Along with my love for alliteration, I am also fascinated by the description “necrosis of clutter”. Necrosis refers to the death of cells due to lack of blood supply.  I am sitting here at my computer imagining a couple of piles on my desk. I think of the books lining the walls of my study. Is my office “afflicted with the necrosis of clutter”? Are these items just dust collectors who are dying because of lack of blood supply.  When they just hang around me for months on end without my touching them or making decisions about them, is the result the death of a living space? 

I know that creativity requires space. I know that for the mind to imagine new realities it has to unlearn some old realities. I know that the spirit of creativity lives when it has breathing space. I wonder of the clutter limits my imagination and hinders the birth of a new future?

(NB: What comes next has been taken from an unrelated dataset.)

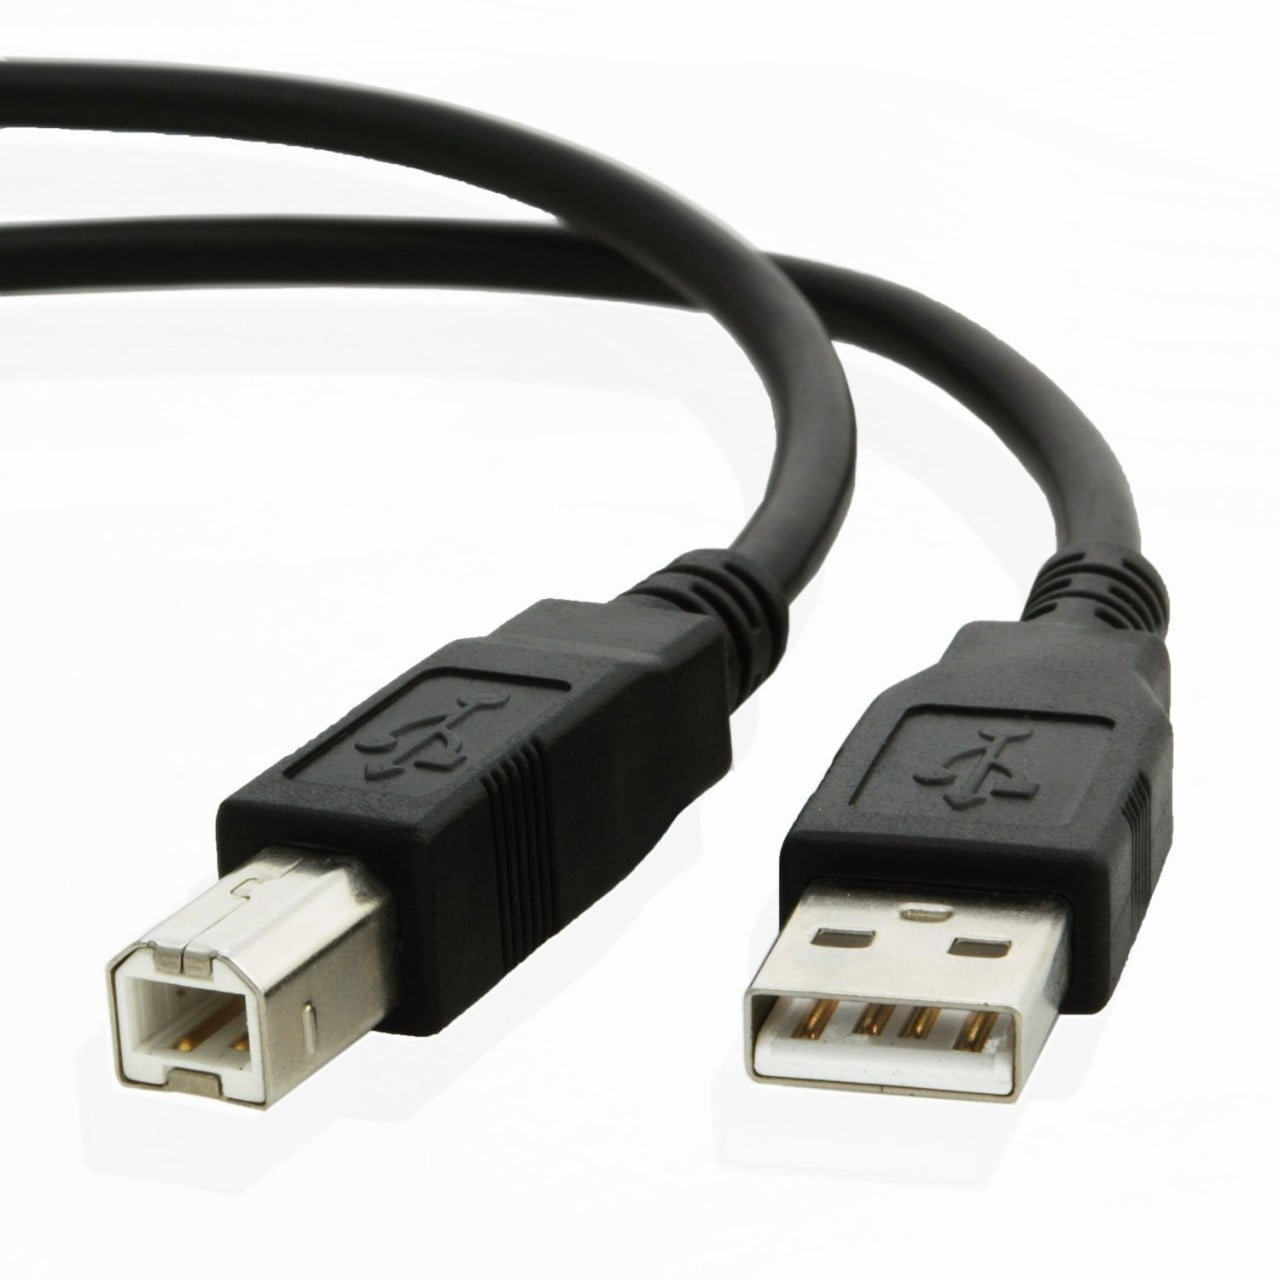 DDJ-SP1 DJ Controller Mixer USB Cord Cable for Pioneer DDJ-SR DDJ-SB

And, I wonder if the electronic stimuli that floods our daily life could be called a necrosis of clutter. Can I develop an idea or thought beyond the surface level of its potential.  Because there is so much electronic clutter, do I glide over surface of the ocean rather than diving down and exploring the life that roils under the water? 

I am not sure I know the answer, but I do think it is worth pondering.

TASTE AND SEE

The seasonal cathedral has returned. The canopy of green spreads its translucent leaves across the trail. The early morning storms have exited east and rain drips off still wet oak. The sky filtering arms of the maple makes my prescription sunglasses redundant. 

The trail is laced with rivulets of water. The typically dry crevices have become flowing streams, running down hill.  The creek, often flat and noisy with protruding stones is spilling over its edges as it races toward the river. 

The air is fecund—robins singing, geese grousing, blue heron gliding,  bees buzzing, pollen sneezing. Life reproducing in the thick, moist air. Spring has finally birthed from the frozen season and life is swimming all around me.

The morning cool is damp—the liquid air presages the muggy heat that envelopes us later in the day as the sun makes it’s journey across the May sky.

And my heart is singing the line from the hymn we sang yesterday in church: “Blest are those who from this table live their lives in gratitude.” I am so grateful to live this day! It is hard for a heart that is alert not to overflow with sweet thankfulness.